Established insurtech Kin Insurance is still one of the fastest-growing today, with search rate growth over the past five years hitting 413% alongside continuous funding which today totals US$443.2m. Based in Chicago, Kin has already built up a workforce of more than 450 people as it attempts to reimagine home insurance for a rapidly changing world. This includes the effect of freak weather, one of the main challenges faced by US property insurers. Kin’s technology allows it to provide affordable pricing without compromising coverage, even in areas most impacted by climate change.

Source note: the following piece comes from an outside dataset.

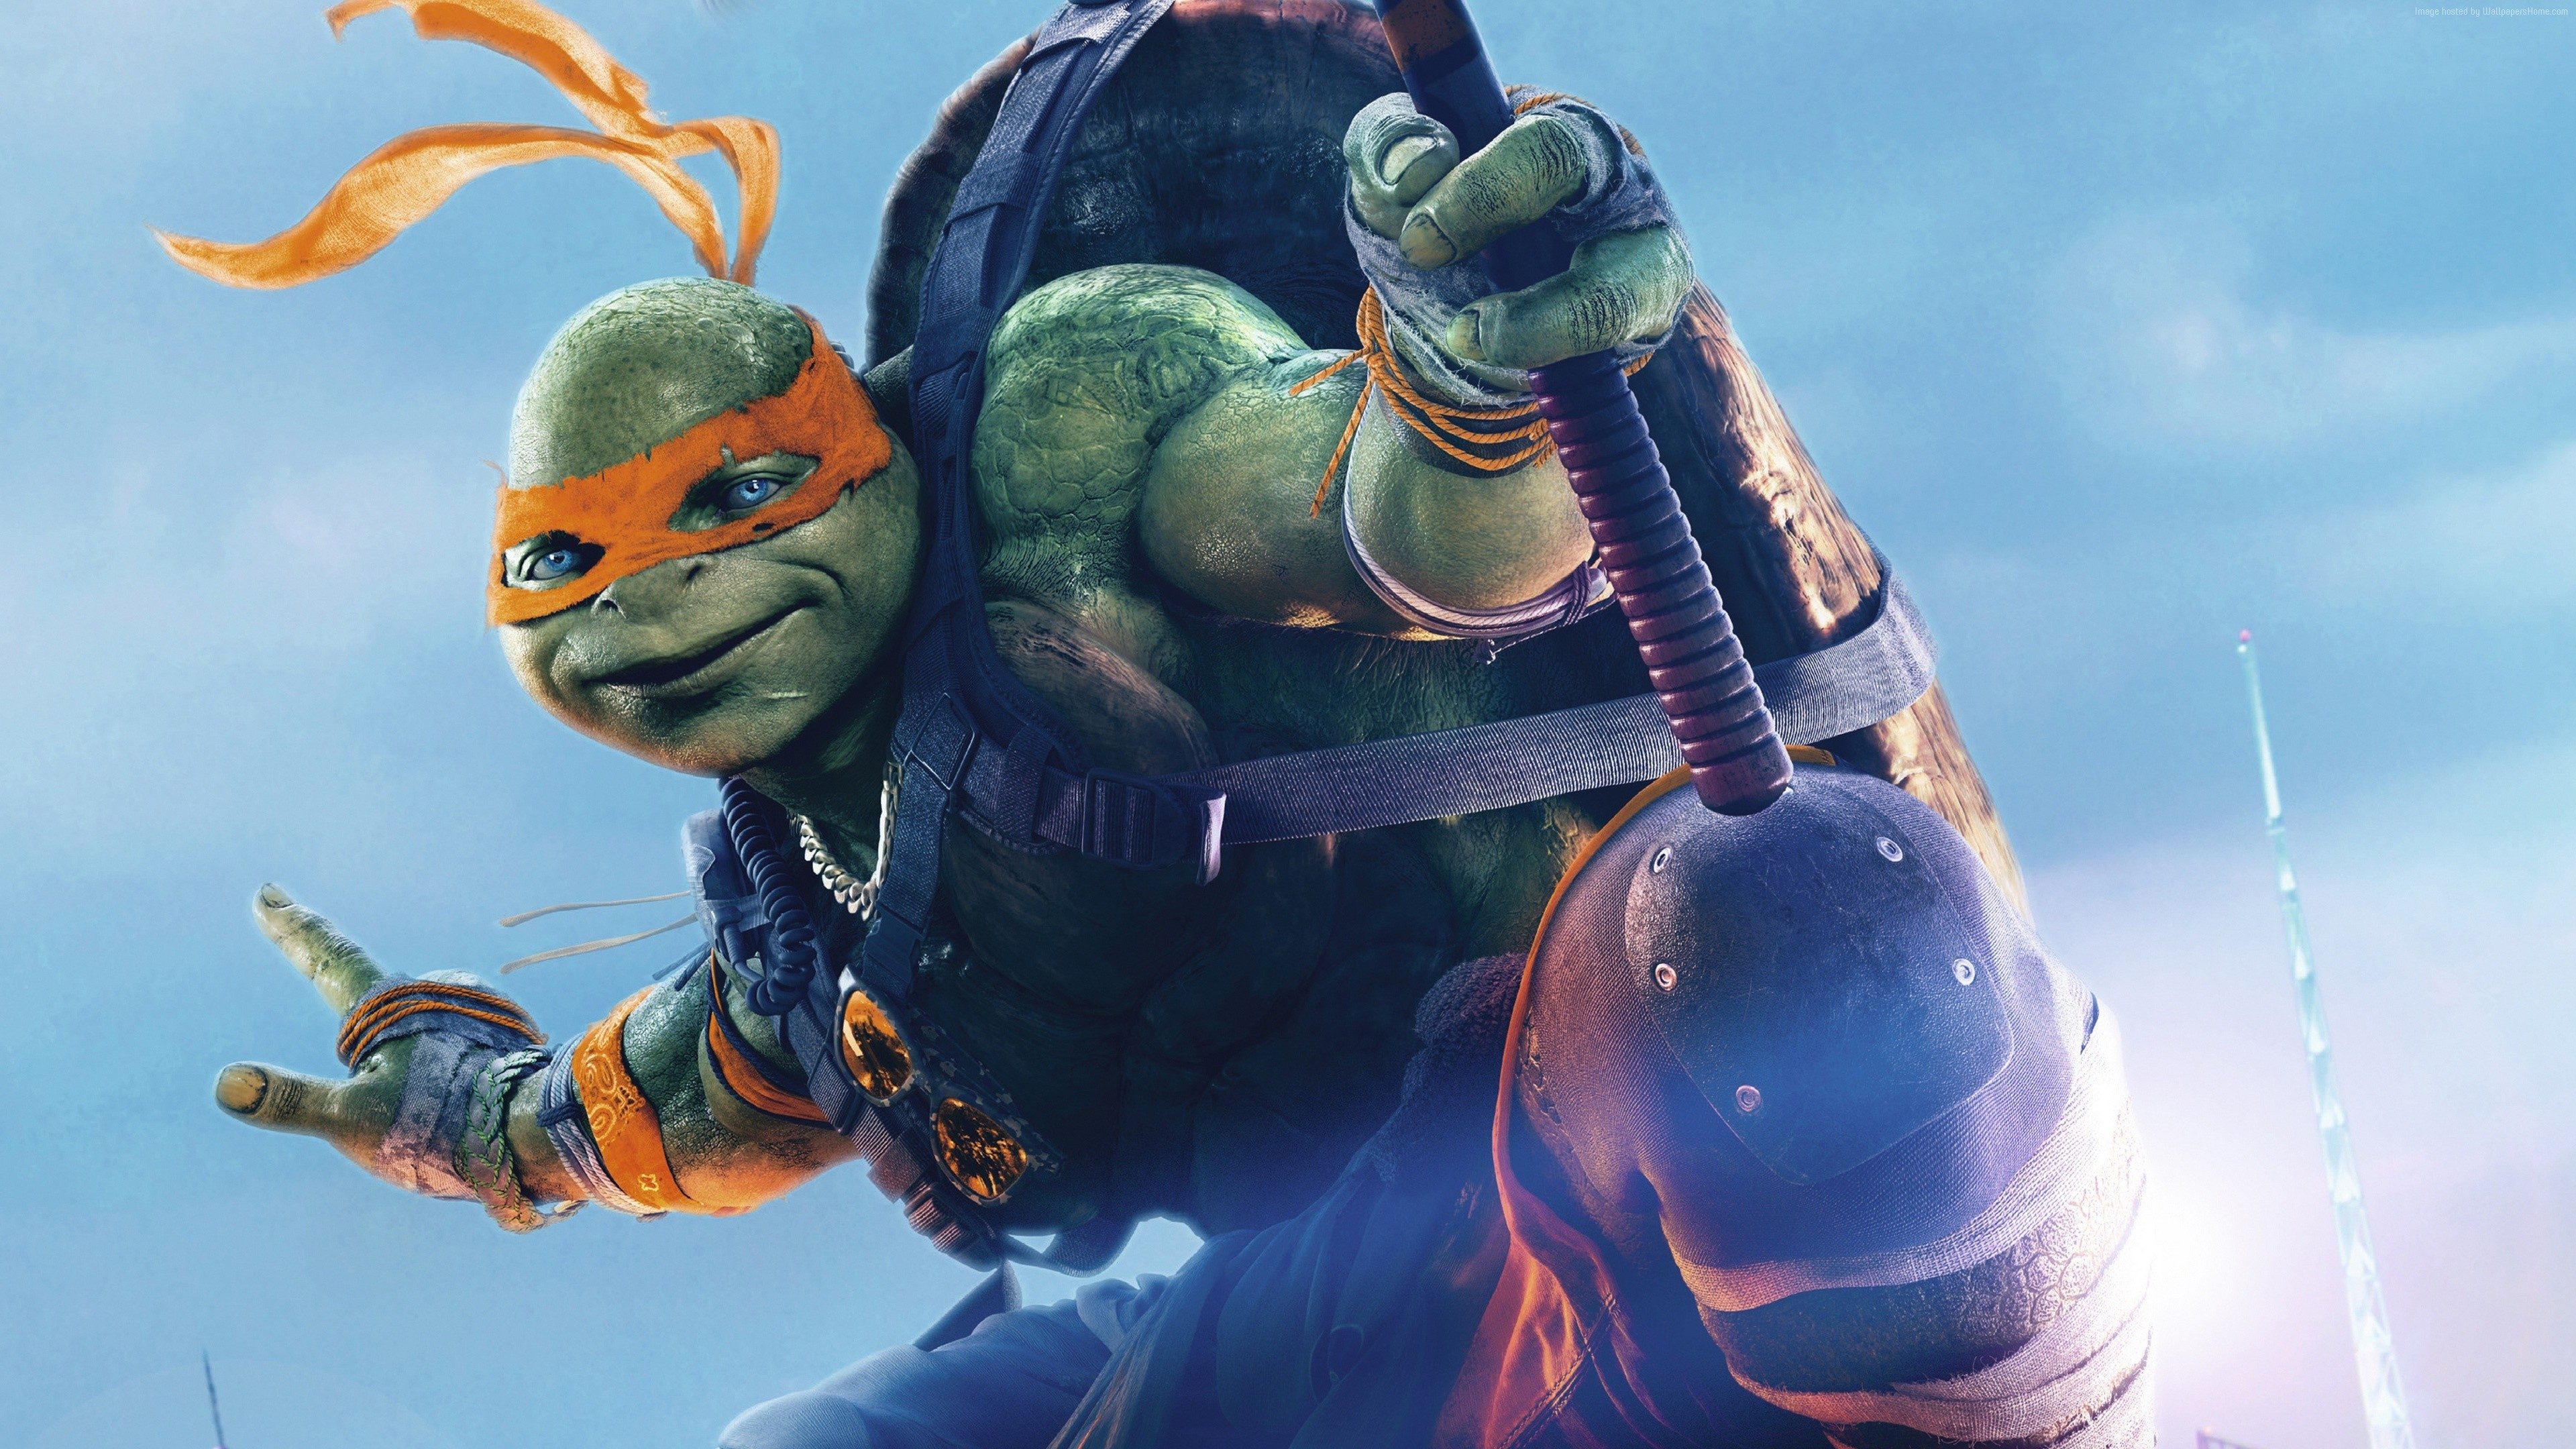 Teenage Mutant Ninja Turtles 2017 Wallpaper Wallpapertag
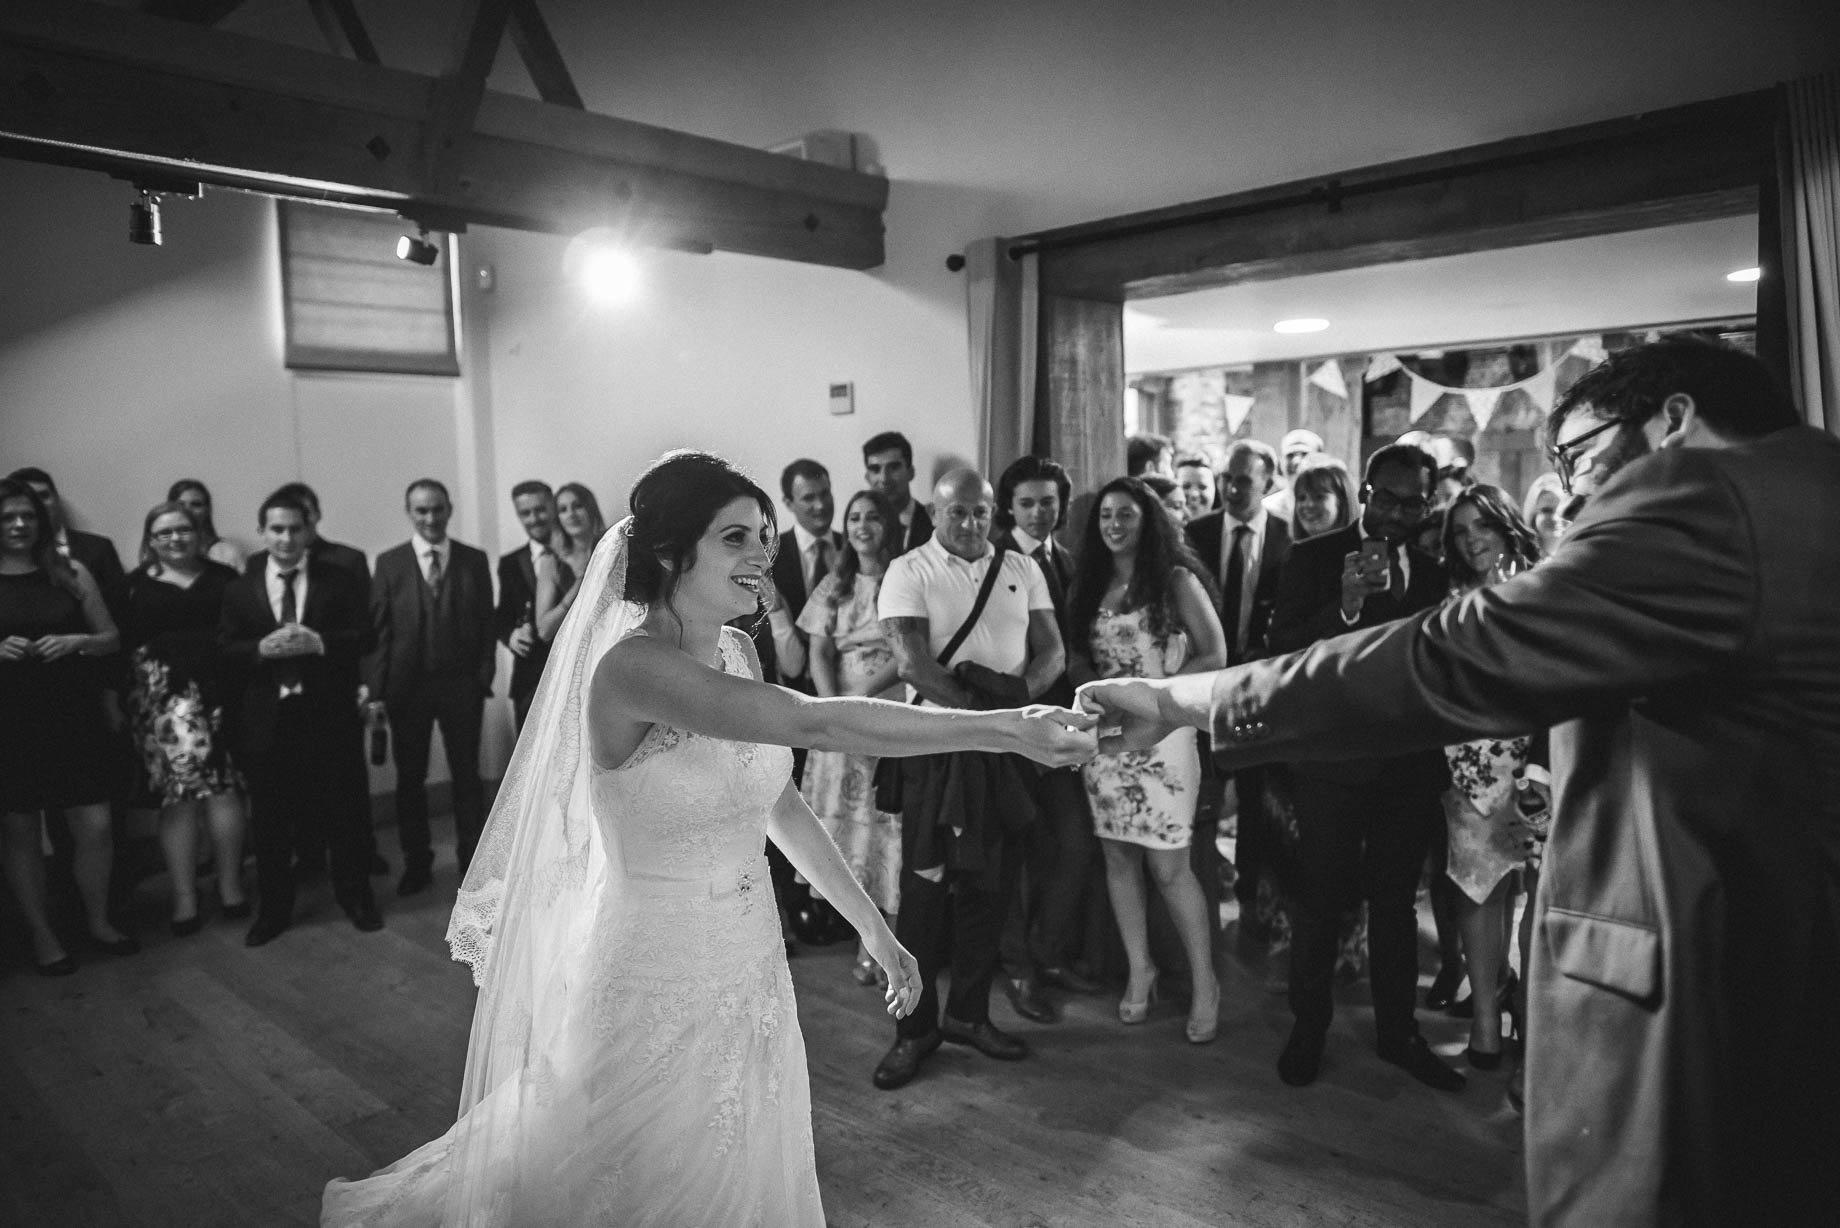 Gaynes Park wedding photography - Guy Collier Photography - Rachel and Jon (161 of 169)

In second place on our list of Top 10 growing insurtechs of 2023 is Zego. Operating a pay-as-you-go model, the UK insurtech is a leading provider of insurance for fleet managers, couriers, and food delivery drivers. Launched in 2016 and headed up by its dynamic CEO Sten Saar, Zego insures more than 200,000 vehicles for businesses spanning nine countries and has collaborative partnerships with FreeNow, Uber, and Bolt. Featured on FT1000 as one of Europe’s fastest-growing companies, Zego has seen search rates rise a marked 633% over the past five years, and it has consolidated its position by smartly deploying US$281.7m in total funding.
Top of our list is insurtech Marshmellow, which continues its meteoric rise to this day. With search rates growing 791% over the past five years, the insurtech is arguably the biggest in Europe today. UK-based, the motor insurance provider has recently seen its valuation hit US$1bn, making it one of the UK’s first British black-owned unicorns. Starting as a provider of affordable car insurance for UK ex-pats, the company has since evolved into a digital-only insurer that uses machine learning technology to issue insurance. The company says its pricing algorithms are designed to provide affordable coverage for those disadvantaged by traditional providers, such as young male drivers and UK residents on temporary visas.